Task:
Output every line of the data exactly as it appears.

---------- Information shown

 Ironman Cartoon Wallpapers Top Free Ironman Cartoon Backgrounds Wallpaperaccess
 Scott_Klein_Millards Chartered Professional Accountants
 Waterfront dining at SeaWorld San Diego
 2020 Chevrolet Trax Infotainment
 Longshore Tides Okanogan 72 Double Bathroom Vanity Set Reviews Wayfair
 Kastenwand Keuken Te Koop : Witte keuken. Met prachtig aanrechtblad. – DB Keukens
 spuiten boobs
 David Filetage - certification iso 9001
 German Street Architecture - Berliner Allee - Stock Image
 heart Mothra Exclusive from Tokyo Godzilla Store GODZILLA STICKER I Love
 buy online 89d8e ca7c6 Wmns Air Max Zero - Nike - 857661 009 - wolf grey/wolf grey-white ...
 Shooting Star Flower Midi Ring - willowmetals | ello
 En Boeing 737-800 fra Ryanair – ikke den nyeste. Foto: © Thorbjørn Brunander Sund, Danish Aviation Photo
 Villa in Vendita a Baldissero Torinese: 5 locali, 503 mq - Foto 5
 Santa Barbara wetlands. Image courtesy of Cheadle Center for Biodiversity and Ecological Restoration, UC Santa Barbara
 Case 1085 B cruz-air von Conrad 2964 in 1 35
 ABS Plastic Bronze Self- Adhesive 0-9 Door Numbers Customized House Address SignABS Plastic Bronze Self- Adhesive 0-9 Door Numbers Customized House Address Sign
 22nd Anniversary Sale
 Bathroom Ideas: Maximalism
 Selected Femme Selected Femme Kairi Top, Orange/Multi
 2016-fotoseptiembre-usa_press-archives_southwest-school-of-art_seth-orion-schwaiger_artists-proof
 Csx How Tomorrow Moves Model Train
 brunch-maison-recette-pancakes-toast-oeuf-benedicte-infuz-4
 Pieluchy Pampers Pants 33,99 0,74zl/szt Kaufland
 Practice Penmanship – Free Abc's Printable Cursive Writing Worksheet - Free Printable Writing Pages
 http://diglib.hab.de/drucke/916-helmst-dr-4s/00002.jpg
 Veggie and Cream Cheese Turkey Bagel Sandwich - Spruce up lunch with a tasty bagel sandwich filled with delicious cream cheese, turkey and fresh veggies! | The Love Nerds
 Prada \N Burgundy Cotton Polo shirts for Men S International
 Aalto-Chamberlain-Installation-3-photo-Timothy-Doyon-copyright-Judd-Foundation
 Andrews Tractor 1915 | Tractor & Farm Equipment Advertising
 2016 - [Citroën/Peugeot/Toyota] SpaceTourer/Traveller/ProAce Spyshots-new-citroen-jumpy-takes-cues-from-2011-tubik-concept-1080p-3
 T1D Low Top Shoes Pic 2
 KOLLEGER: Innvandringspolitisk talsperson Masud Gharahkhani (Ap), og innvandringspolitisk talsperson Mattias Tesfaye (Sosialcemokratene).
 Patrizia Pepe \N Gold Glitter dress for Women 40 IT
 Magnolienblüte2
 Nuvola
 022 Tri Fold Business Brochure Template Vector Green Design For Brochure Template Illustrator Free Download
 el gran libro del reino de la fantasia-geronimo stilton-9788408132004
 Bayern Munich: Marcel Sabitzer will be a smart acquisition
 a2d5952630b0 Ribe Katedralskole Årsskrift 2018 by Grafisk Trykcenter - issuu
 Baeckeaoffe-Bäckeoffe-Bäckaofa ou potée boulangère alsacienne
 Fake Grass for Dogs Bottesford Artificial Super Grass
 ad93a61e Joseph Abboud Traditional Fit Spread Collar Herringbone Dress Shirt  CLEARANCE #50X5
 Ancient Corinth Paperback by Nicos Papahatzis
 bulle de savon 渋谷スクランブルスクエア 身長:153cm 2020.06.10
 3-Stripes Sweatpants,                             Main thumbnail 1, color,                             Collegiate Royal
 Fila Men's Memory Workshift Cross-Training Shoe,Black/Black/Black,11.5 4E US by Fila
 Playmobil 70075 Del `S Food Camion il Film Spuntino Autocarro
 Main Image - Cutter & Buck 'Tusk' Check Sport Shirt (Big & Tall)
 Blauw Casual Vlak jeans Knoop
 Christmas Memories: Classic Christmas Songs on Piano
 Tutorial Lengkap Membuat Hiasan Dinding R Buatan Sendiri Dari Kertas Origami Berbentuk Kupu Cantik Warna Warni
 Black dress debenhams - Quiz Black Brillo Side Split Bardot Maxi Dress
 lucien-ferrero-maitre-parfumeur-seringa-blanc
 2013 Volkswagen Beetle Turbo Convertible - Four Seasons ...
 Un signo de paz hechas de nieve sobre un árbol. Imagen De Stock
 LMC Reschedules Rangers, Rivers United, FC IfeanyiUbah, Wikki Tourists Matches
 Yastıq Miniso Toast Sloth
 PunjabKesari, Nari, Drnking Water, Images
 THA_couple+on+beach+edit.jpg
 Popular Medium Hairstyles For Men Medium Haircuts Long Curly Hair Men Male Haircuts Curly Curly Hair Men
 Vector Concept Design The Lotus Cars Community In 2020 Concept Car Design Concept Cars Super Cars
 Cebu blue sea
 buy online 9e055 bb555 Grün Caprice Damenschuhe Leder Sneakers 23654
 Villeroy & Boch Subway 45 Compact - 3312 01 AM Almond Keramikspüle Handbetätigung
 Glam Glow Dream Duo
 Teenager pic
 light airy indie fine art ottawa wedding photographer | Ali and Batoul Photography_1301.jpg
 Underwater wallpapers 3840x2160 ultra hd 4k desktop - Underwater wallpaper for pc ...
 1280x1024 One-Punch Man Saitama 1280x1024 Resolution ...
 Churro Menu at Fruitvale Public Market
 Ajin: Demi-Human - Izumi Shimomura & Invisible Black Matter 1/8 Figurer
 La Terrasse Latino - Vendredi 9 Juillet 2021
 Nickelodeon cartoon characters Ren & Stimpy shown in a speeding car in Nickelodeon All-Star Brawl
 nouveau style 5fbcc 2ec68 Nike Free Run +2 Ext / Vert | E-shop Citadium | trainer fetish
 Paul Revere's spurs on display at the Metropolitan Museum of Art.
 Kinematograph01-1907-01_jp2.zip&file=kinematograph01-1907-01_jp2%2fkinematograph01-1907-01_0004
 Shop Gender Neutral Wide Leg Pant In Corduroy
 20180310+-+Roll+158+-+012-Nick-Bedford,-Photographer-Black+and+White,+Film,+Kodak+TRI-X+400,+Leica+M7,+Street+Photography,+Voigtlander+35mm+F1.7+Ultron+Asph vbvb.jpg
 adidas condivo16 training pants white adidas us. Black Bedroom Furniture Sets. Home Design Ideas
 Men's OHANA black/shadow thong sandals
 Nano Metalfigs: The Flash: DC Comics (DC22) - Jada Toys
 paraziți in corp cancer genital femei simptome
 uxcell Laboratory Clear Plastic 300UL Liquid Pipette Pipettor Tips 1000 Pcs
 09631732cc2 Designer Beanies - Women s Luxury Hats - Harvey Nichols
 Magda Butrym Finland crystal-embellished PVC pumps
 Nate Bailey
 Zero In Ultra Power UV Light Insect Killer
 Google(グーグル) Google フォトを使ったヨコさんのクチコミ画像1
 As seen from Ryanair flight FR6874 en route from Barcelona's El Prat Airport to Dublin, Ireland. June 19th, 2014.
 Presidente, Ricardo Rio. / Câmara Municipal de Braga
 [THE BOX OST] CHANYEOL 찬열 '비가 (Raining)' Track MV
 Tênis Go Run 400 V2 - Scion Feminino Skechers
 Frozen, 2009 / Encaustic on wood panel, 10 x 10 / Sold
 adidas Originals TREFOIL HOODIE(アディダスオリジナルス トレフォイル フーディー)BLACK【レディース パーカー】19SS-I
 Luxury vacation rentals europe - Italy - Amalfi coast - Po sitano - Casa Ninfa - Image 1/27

--------------------

Task solution:
 Ironman Cartoon Wallpapers Top Free Ironman Cartoon Backgrounds Wallpaperaccess
 Scott_Klein_Millards Chartered Professional Accountants
 Waterfront dining at SeaWorld San Diego
 2020 Chevrolet Trax Infotainment
 Longshore Tides Okanogan 72 Double Bathroom Vanity Set Reviews Wayfair
 Kastenwand Keuken Te Koop : Witte keuken. Met prachtig aanrechtblad. – DB Keukens
 spuiten boobs
 David Filetage - certification iso 9001
 German Street Architecture - Berliner Allee - Stock Image
 heart Mothra Exclusive from Tokyo Godzilla Store GODZILLA STICKER I Love
 buy online 89d8e ca7c6 Wmns Air Max Zero - Nike - 857661 009 - wolf grey/wolf grey-white ...
 Shooting Star Flower Midi Ring - willowmetals | ello
 En Boeing 737-800 fra Ryanair – ikke den nyeste. Foto: © Thorbjørn Brunander Sund, Danish Aviation Photo
 Villa in Vendita a Baldissero Torinese: 5 locali, 503 mq - Foto 5
 Santa Barbara wetlands. Image courtesy of Cheadle Center for Biodiversity and Ecological Restoration, UC Santa Barbara
 Case 1085 B cruz-air von Conrad 2964 in 1 35
 ABS Plastic Bronze Self- Adhesive 0-9 Door Numbers Customized House Address SignABS Plastic Bronze Self- Adhesive 0-9 Door Numbers Customized House Address Sign
 22nd Anniversary Sale
 Bathroom Ideas: Maximalism
 Selected Femme Selected Femme Kairi Top, Orange/Multi
 2016-fotoseptiembre-usa_press-archives_southwest-school-of-art_seth-orion-schwaiger_artists-proof
 Csx How Tomorrow Moves Model Train
 brunch-maison-recette-pancakes-toast-oeuf-benedicte-infuz-4
 Pieluchy Pampers Pants 33,99 0,74zl/szt Kaufland
 Practice Penmanship – Free Abc's Printable Cursive Writing Worksheet - Free Printable Writing Pages
 http://diglib.hab.de/drucke/916-helmst-dr-4s/00002.jpg
 Veggie and Cream Cheese Turkey Bagel Sandwich - Spruce up lunch with a tasty bagel sandwich filled with delicious cream cheese, turkey and fresh veggies! | The Love Nerds
 Prada \N Burgundy Cotton Polo shirts for Men S International
 Aalto-Chamberlain-Installation-3-photo-Timothy-Doyon-copyright-Judd-Foundation
 Andrews Tractor 1915 | Tractor & Farm Equipment Advertising
 2016 - [Citroën/Peugeot/Toyota] SpaceTourer/Traveller/ProAce Spyshots-new-citroen-jumpy-takes-cues-from-2011-tubik-concept-1080p-3
 T1D Low Top Shoes Pic 2
 KOLLEGER: Innvandringspolitisk talsperson Masud Gharahkhani (Ap), og innvandringspolitisk talsperson Mattias Tesfaye (Sosialcemokratene).
 Patrizia Pepe \N Gold Glitter dress for Women 40 IT
 Magnolienblüte2
 Nuvola
 022 Tri Fold Business Brochure Template Vector Green Design For Brochure Template Illustrator Free Download
 el gran libro del reino de la fantasia-geronimo stilton-9788408132004
 Bayern Munich: Marcel Sabitzer will be a smart acquisition
 a2d5952630b0 Ribe Katedralskole Årsskrift 2018 by Grafisk Trykcenter - issuu
 Baeckeaoffe-Bäckeoffe-Bäckaofa ou potée boulangère alsacienne
 Fake Grass for Dogs Bottesford Artificial Super Grass
 ad93a61e Joseph Abboud Traditional Fit Spread Collar Herringbone Dress Shirt  CLEARANCE #50X5
 Ancient Corinth Paperback by Nicos Papahatzis
 bulle de savon 渋谷スクランブルスクエア 身長:153cm 2020.06.10
 3-Stripes Sweatpants,                             Main thumbnail 1, color,                             Collegiate Royal
 Fila Men's Memory Workshift Cross-Training Shoe,Black/Black/Black,11.5 4E US by Fila
 Playmobil 70075 Del `S Food Camion il Film Spuntino Autocarro
 Main Image - Cutter & Buck 'Tusk' Check Sport Shirt (Big & Tall)
 Blauw Casual Vlak jeans Knoop
 Christmas Memories: Classic Christmas Songs on Piano
 Tutorial Lengkap Membuat Hiasan Dinding R Buatan Sendiri Dari Kertas Origami Berbentuk Kupu Cantik Warna Warni
 Black dress debenhams - Quiz Black Brillo Side Split Bardot Maxi Dress
 lucien-ferrero-maitre-parfumeur-seringa-blanc
 2013 Volkswagen Beetle Turbo Convertible - Four Seasons ...
 Un signo de paz hechas de nieve sobre un árbol. Imagen De Stock
 LMC Reschedules Rangers, Rivers United, FC IfeanyiUbah, Wikki Tourists Matches
 Yastıq Miniso Toast Sloth
 PunjabKesari, Nari, Drnking Water, Images
 THA_couple+on+beach+edit.jpg
 Popular Medium Hairstyles For Men Medium Haircuts Long Curly Hair Men Male Haircuts Curly Curly Hair Men
 Vector Concept Design The Lotus Cars Community In 2020 Concept Car Design Concept Cars Super Cars
 Cebu blue sea
 buy online 9e055 bb555 Grün Caprice Damenschuhe Leder Sneakers 23654
 Villeroy & Boch Subway 45 Compact - 3312 01 AM Almond Keramikspüle Handbetätigung
 Glam Glow Dream Duo
 Teenager pic
 light airy indie fine art ottawa wedding photographer | Ali and Batoul Photography_1301.jpg
 Underwater wallpapers 3840x2160 ultra hd 4k desktop - Underwater wallpaper for pc ...
 1280x1024 One-Punch Man Saitama 1280x1024 Resolution ...
 Churro Menu at Fruitvale Public Market
 Ajin: Demi-Human - Izumi Shimomura & Invisible Black Matter 1/8 Figurer
 La Terrasse Latino - Vendredi 9 Juillet 2021
 Nickelodeon cartoon characters Ren & Stimpy shown in a speeding car in Nickelodeon All-Star Brawl
 nouveau style 5fbcc 2ec68 Nike Free Run +2 Ext / Vert | E-shop Citadium | trainer fetish
 Paul Revere's spurs on display at the Metropolitan Museum of Art.
 Kinematograph01-1907-01_jp2.zip&file=kinematograph01-1907-01_jp2%2fkinematograph01-1907-01_0004
 Shop Gender Neutral Wide Leg Pant In Corduroy
 20180310+-+Roll+158+-+012-Nick-Bedford,-Photographer-Black+and+White,+Film,+Kodak+TRI-X+400,+Leica+M7,+Street+Photography,+Voigtlander+35mm+F1.7+Ultron+Asph vbvb.jpg
 adidas condivo16 training pants white adidas us. Black Bedroom Furniture Sets. Home Design Ideas
 Men's OHANA black/shadow thong sandals
 Nano Metalfigs: The Flash: DC Comics (DC22) - Jada Toys
 paraziți in corp cancer genital femei simptome
 uxcell Laboratory Clear Plastic 300UL Liquid Pipette Pipettor Tips 1000 Pcs
 09631732cc2 Designer Beanies - Women s Luxury Hats - Harvey Nichols
 Magda Butrym Finland crystal-embellished PVC pumps
 Nate Bailey
 Zero In Ultra Power UV Light Insect Killer
 Google(グーグル) Google フォトを使ったヨコさんのクチコミ画像1
 As seen from Ryanair flight FR6874 en route from Barcelona's El Prat Airport to Dublin, Ireland. June 19th, 2014.
 Presidente, Ricardo Rio. / Câmara Municipal de Braga
 [THE BOX OST] CHANYEOL 찬열 '비가 (Raining)' Track MV
 Tênis Go Run 400 V2 - Scion Feminino Skechers
 Frozen, 2009 / Encaustic on wood panel, 10 x 10 / Sold
 adidas Originals TREFOIL HOODIE(アディダスオリジナルス トレフォイル フーディー)BLACK【レディース パーカー】19SS-I
 Luxury vacation rentals europe - Italy - Amalfi coast - Po sitano - Casa Ninfa - Image 1/27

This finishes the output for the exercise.